Было видно, что шифровальщик, за которым следил Гофреди, его совершенно не интересует. Ему хотелось позубоскалить и покрасоваться.
Луи равнодушно пожал плечами, но все же почувствовал себя задетым.
— Ничего важного я не открыл, вынужден с тобой согласиться. Он живет в красивом доме на улице Траверсьер, который, судя по всему, принадлежит мужу его сестры, богатому лесоторговцу. Сама она художница. У Россиньоля в кабинете висит написанная ею картина, надо сказать, очень красивая. Есть также и второй брат, по имени Исаак.
— И это все? — с иронической нежностью осведомился Гастон.
— Все. Хотя нет, я еще купил пару прекрасных сапог… Подняв ноги, он продемонстрировал обновку.
Гастон осмотрел сапоги и подумал, что ему также не помешало бы приобрести новые. Одновременно он вопрошающе поднял брови, не понимая, куда клонит его друг.
— …в лавке башмачника, расположенной напротив дома Гарнье, — продолжал Луи. — Сходи туда, они недорогие и очень удобные.
Помолчав, он добавил более серьезным тоном:
— Но давайте выслушаем рассказ Гофреди. Полагаю, случившееся с ним заслуживает интереса.
— Вы что-то обнаружили, Гофреди?
— Не знаю, мсье, — ответил рейтар. — Однако тот, за кем я следил, человек в малиновом плаще, попытался улизнуть от меня, чтобы зайти к одному книготорговцу.
— Книготорговцу! Действительно, эти люди — самые опасные шпионы! Ваш молодец, конечно же, решил подсунуть хозяину лавки подстрекательские сочинения! Всем известно, что парижские книготорговцы и издатели заигрывают с Испанией, чтобы снискать расположение инквизиции и тем самым уберечься от костра! — насмешливо произнес комиссар.
— Не надо язвить, Гастон, — серьезно сказал Луи. — Слишком многих книготорговцев приговорили к смерти и казнили на площади Мобер.
Улыбка сползла с лица комиссара.
— Так это было на площади Мобер?
— Да, мсье.
— Ну-ка, рассказывайте все, не упуская ни единой детали, — приказал он тоном, в котором от былой шутливости не осталось и следа.
Это уже говорил полицейский.
Когда Гофреди умолк, Гастон помотал головой, что выражало у него интерес и озадаченность.
— Ничто не доказывает, что этот человек хотел скрыть свой визит к книготорговцу, — сказал он, наконец.
— Почему же он прибег к подобной хитрости? — спросил Луи.

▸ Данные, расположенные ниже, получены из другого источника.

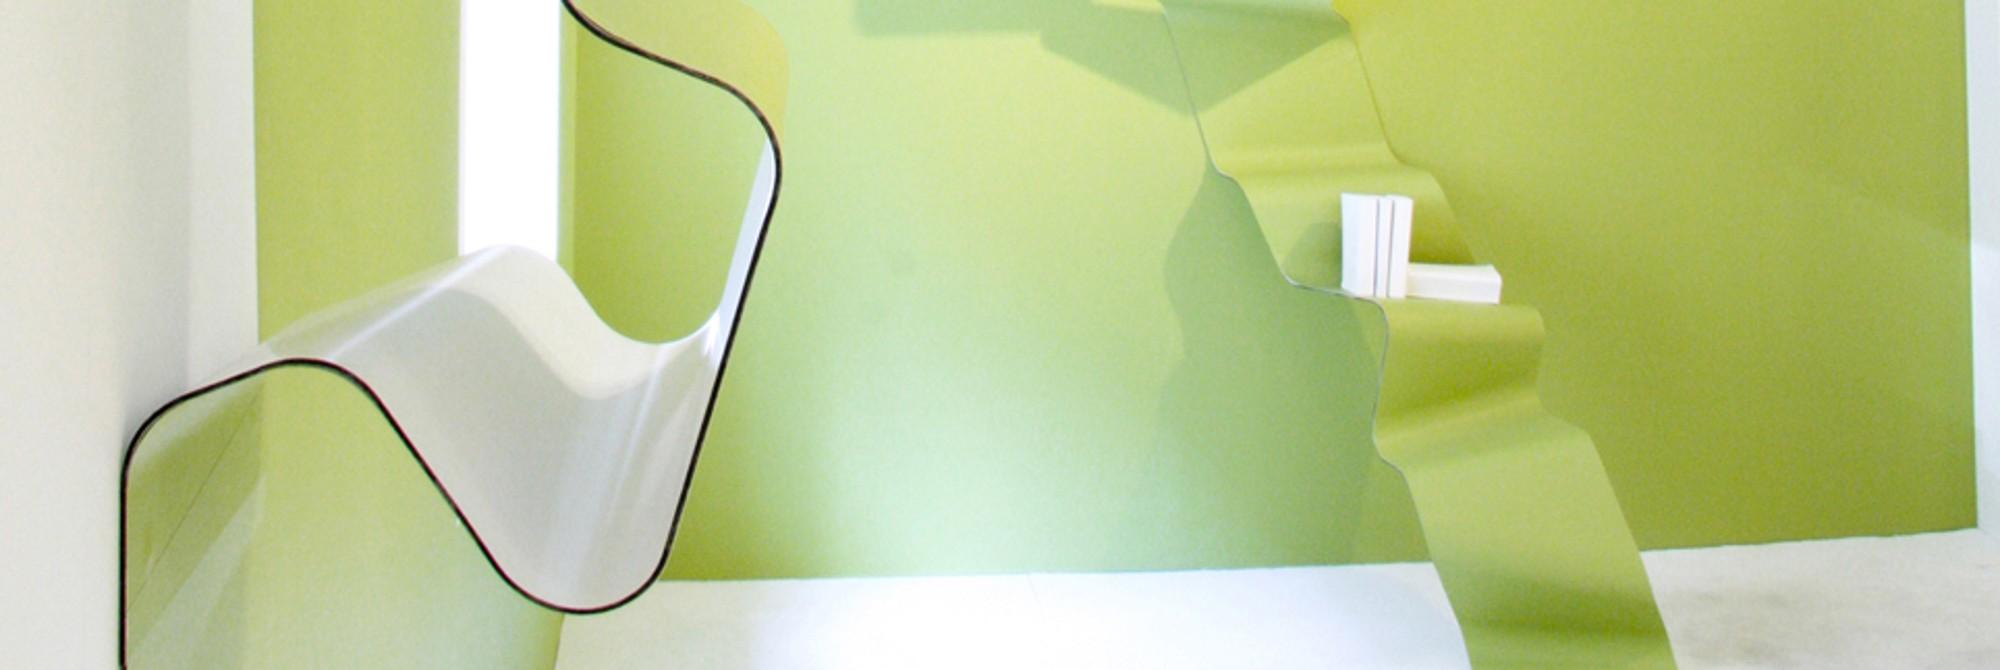 DIBOND® - ©3A Composites | Designer: Andreas Hegert

— Возможно, он действительно заметил, что Гофреди идет за ним по пятам, и перепугался. Знаете ли, Гофреди, я не хочу вас обидеть, но ваша внешность может внушать опасения. Если бы я был с вами не знаком и обнаружил, что вы меня преследуете, я бы сделал все возможное, чтобы избавиться от вас.
Гофреди от души рассмеялся, и Луи последовал его примеру.

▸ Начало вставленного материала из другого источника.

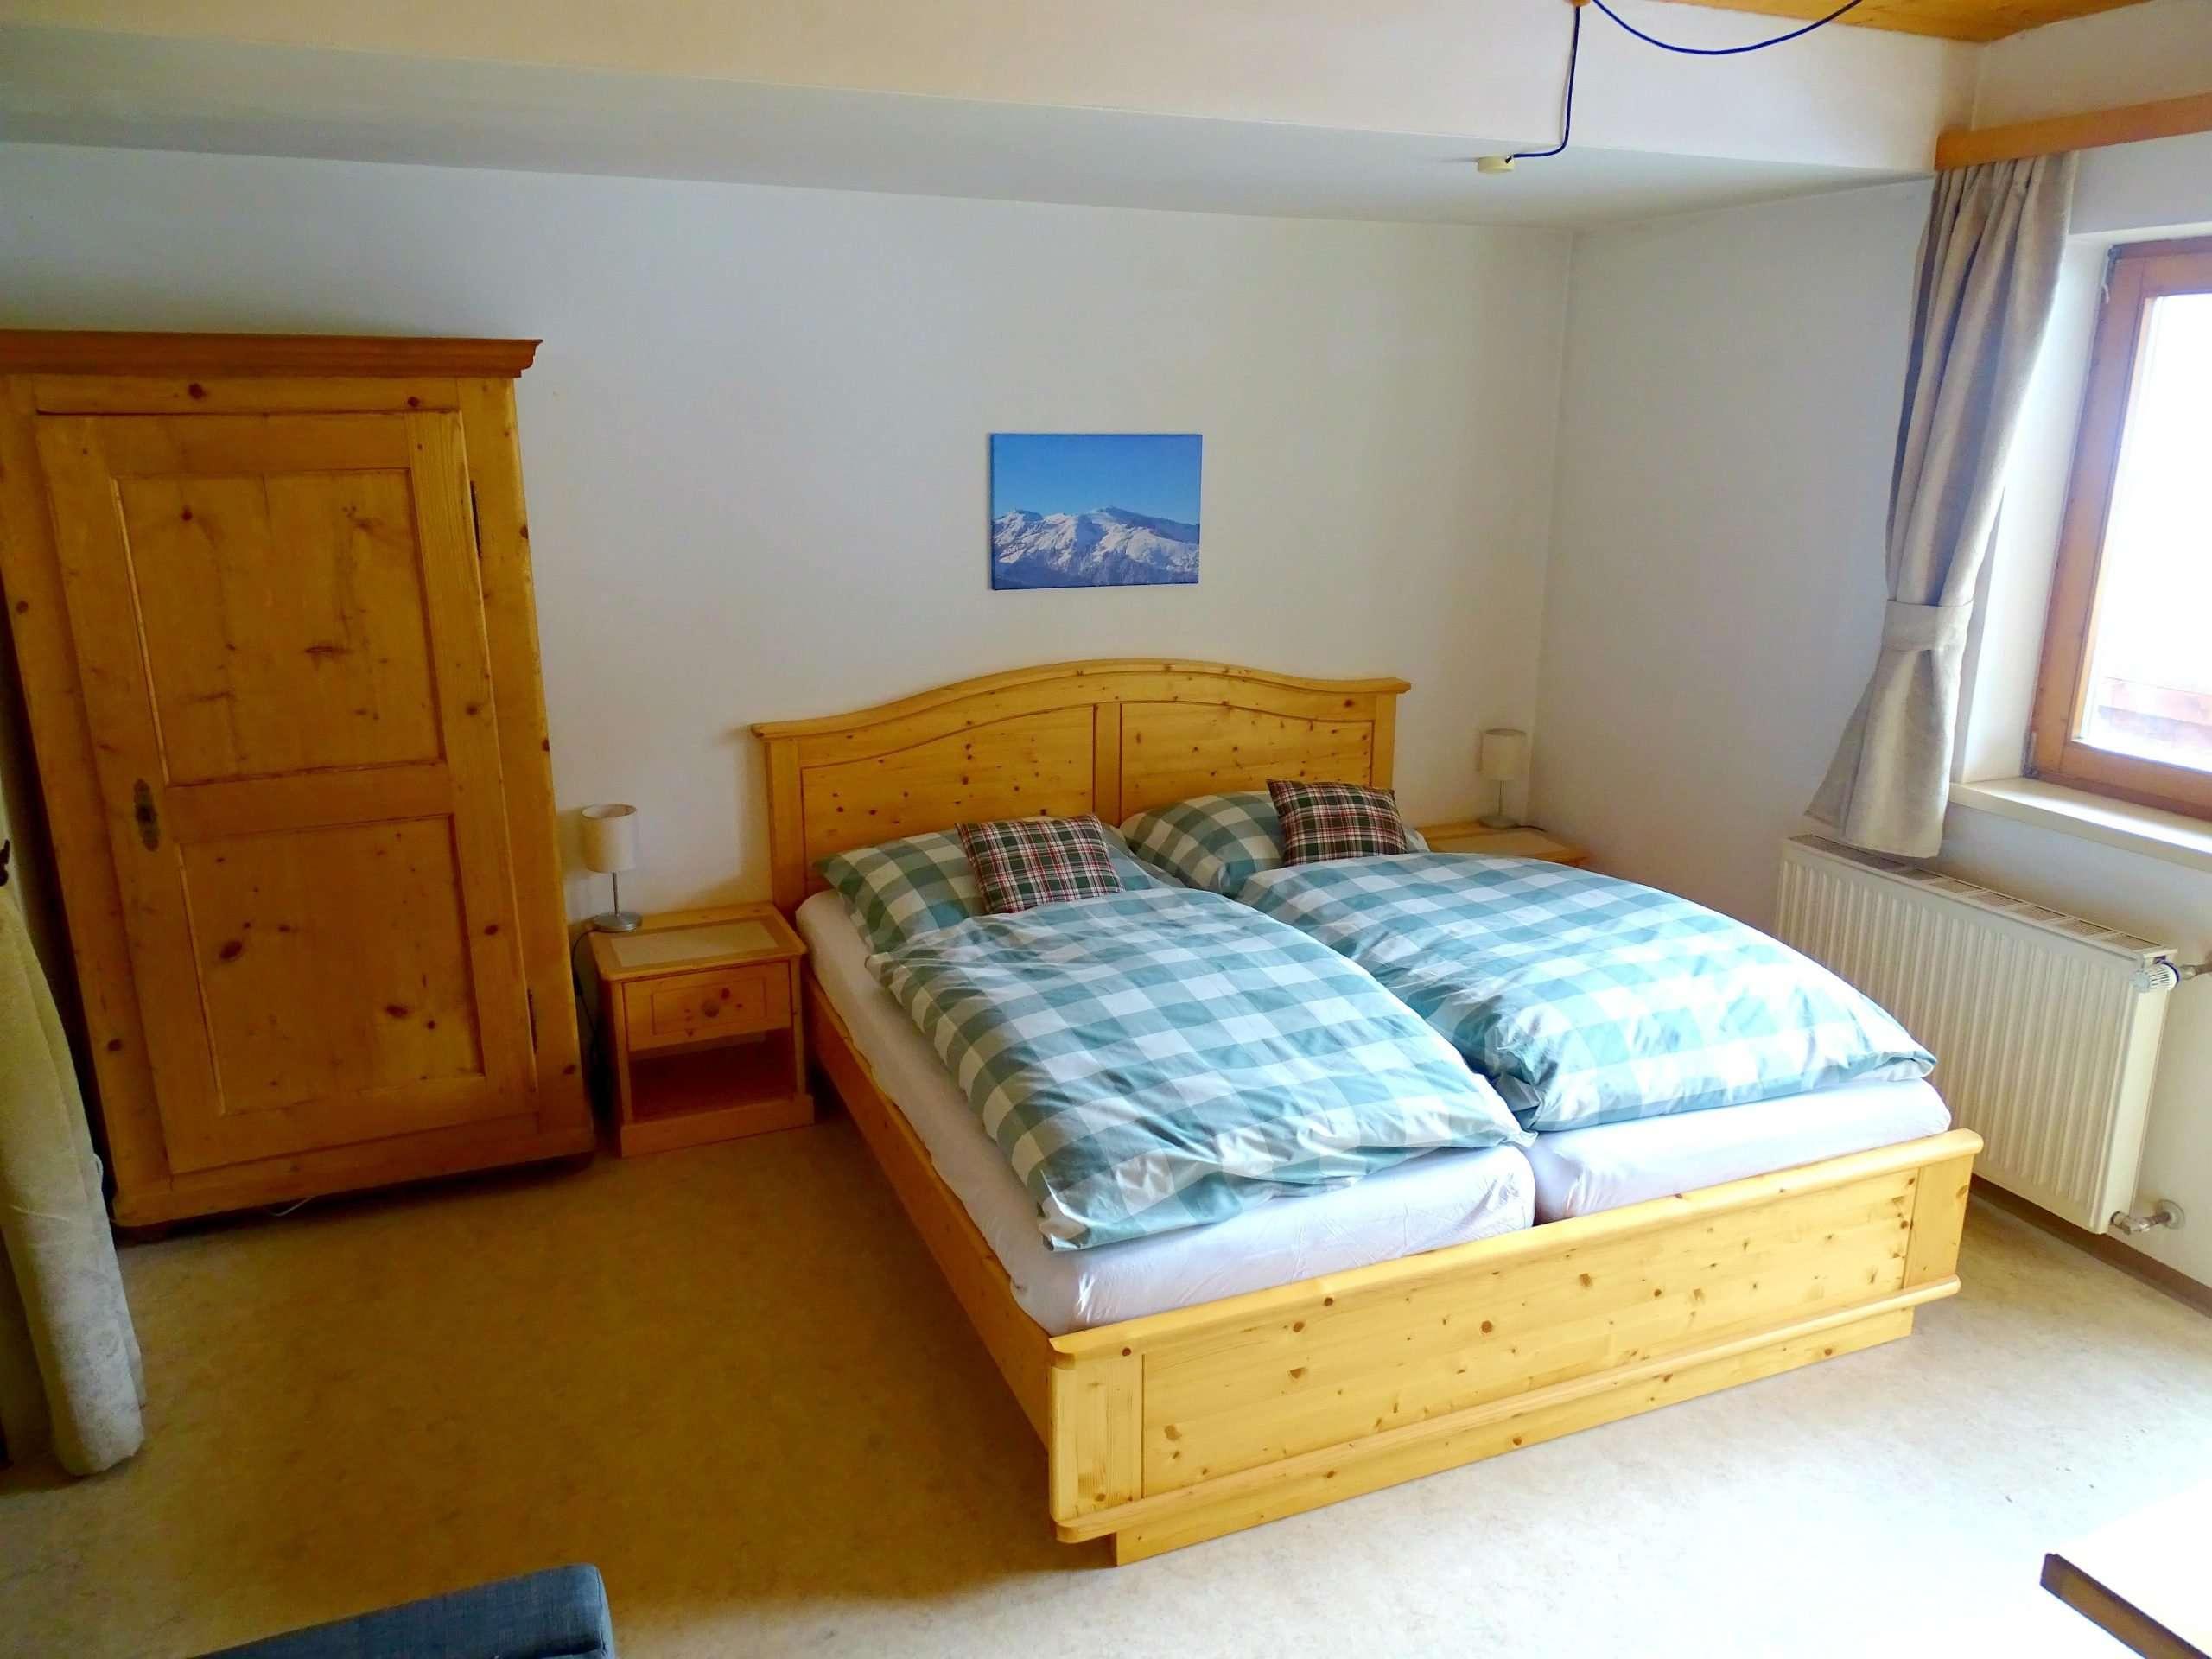 Aberg Living room, Haus Schneeberg, Hochkoenig

— Такую возможность и в самом деле исключать нельзя.
— Есть также множество других, — продолжал Гастон. — Например, Шантлу мог зайти в этот двор, чтобы повидаться с другом, и, не застав его дома, вернулся назад по другой улице.
На сей раз Луи с сомнением поморщился.
— Кстати, а ты знаешь этого книготорговца? — спросил Гастон. — В конце концов, ведь именно ты ходишь по всем книжным лавкам и лучше других знаешь этих людей, не зря же тебе приходилось составлять для них всевозможные контракты и договоры.

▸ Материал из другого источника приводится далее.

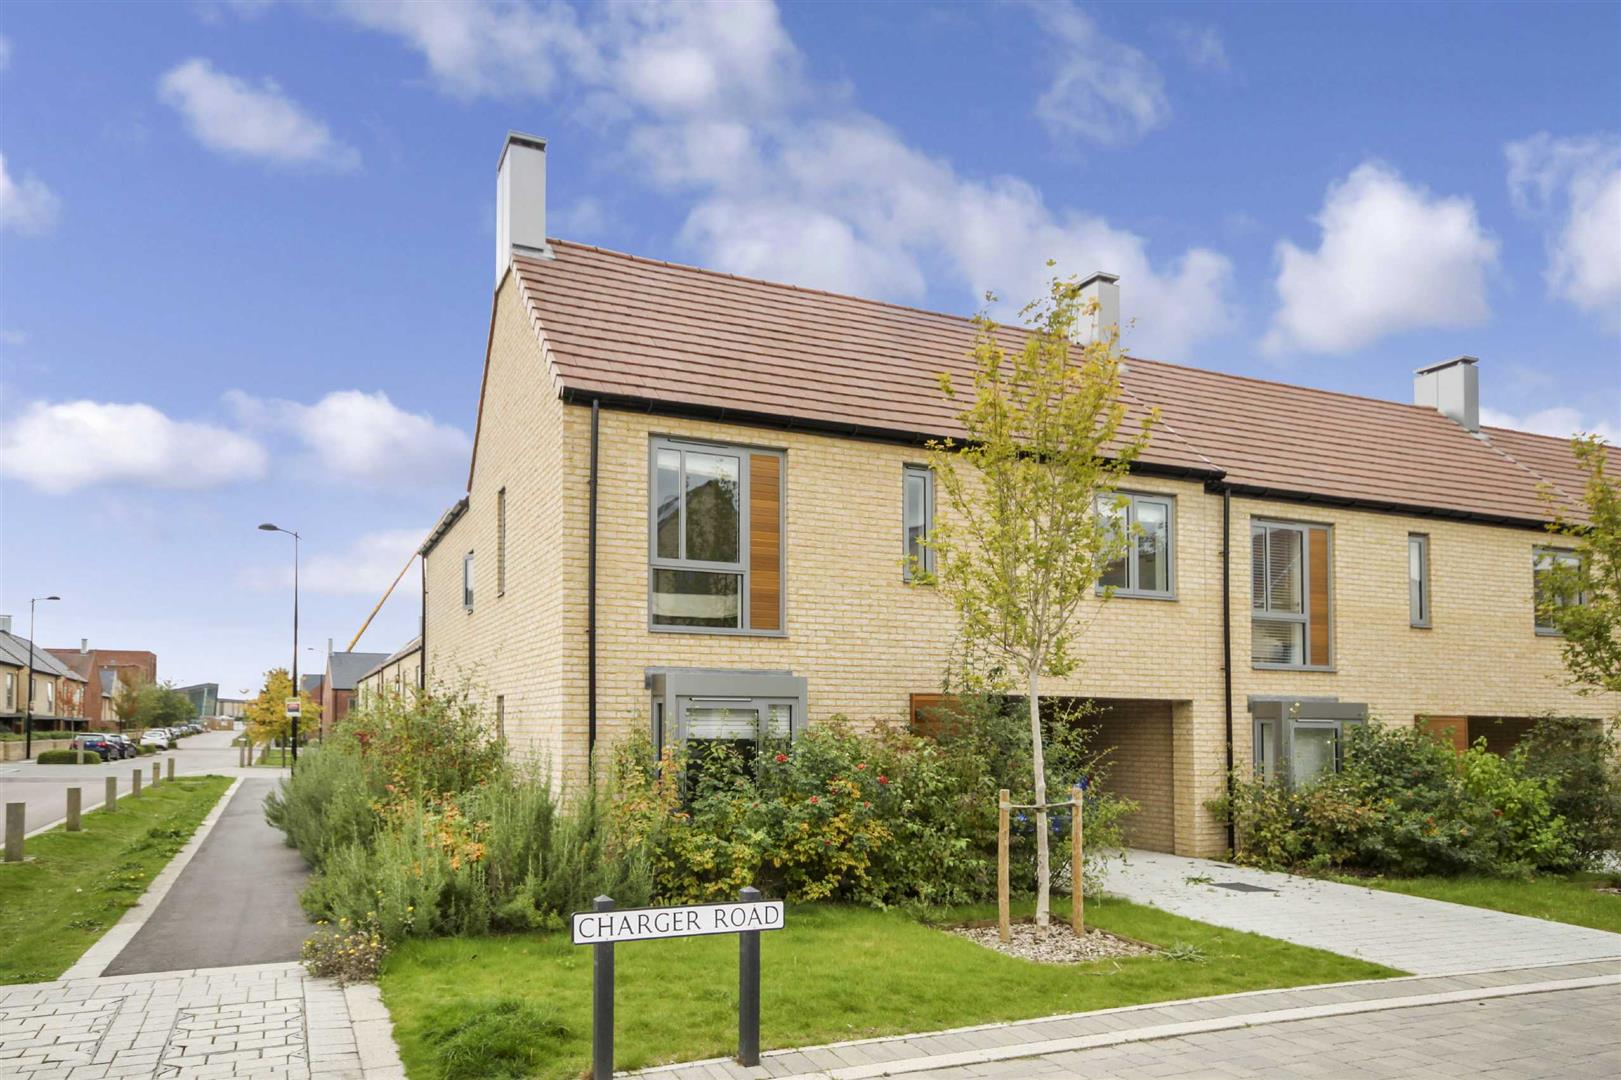 3 Bedroom House For Sale Charger Road Trumpington Cambridge Cb Cb2 9ea

В первые годы книгоиздательства книги печатались за счет авторов и выставлялись на продажу в торговых лавках. Их владельцы были всего лишь коммерсантами, и автор оставался собственником своего сочинения.
Но довольно быстро печатники, которые занимались изданием старых текстов, греческих и латинских, стали покупать новые у живых авторов. Тогда и начали составлять договоры у нотариусов. Долгое время это было специальностью Луи в отцовской конторе, ибо подобного рода контракты часто отличались большой сложностью.
Действительно, нельзя было опубликовать книгу, не испросив согласия Университета, иными словами, парижских духовных властей. Форма такого одобрения менялась со временем, и после установления о печатном деле, принятого в сентябре 1563 года, любую книгу во Франции можно было издать, лишь получив королевское разрешение, скрепленное большой печатью канцлера.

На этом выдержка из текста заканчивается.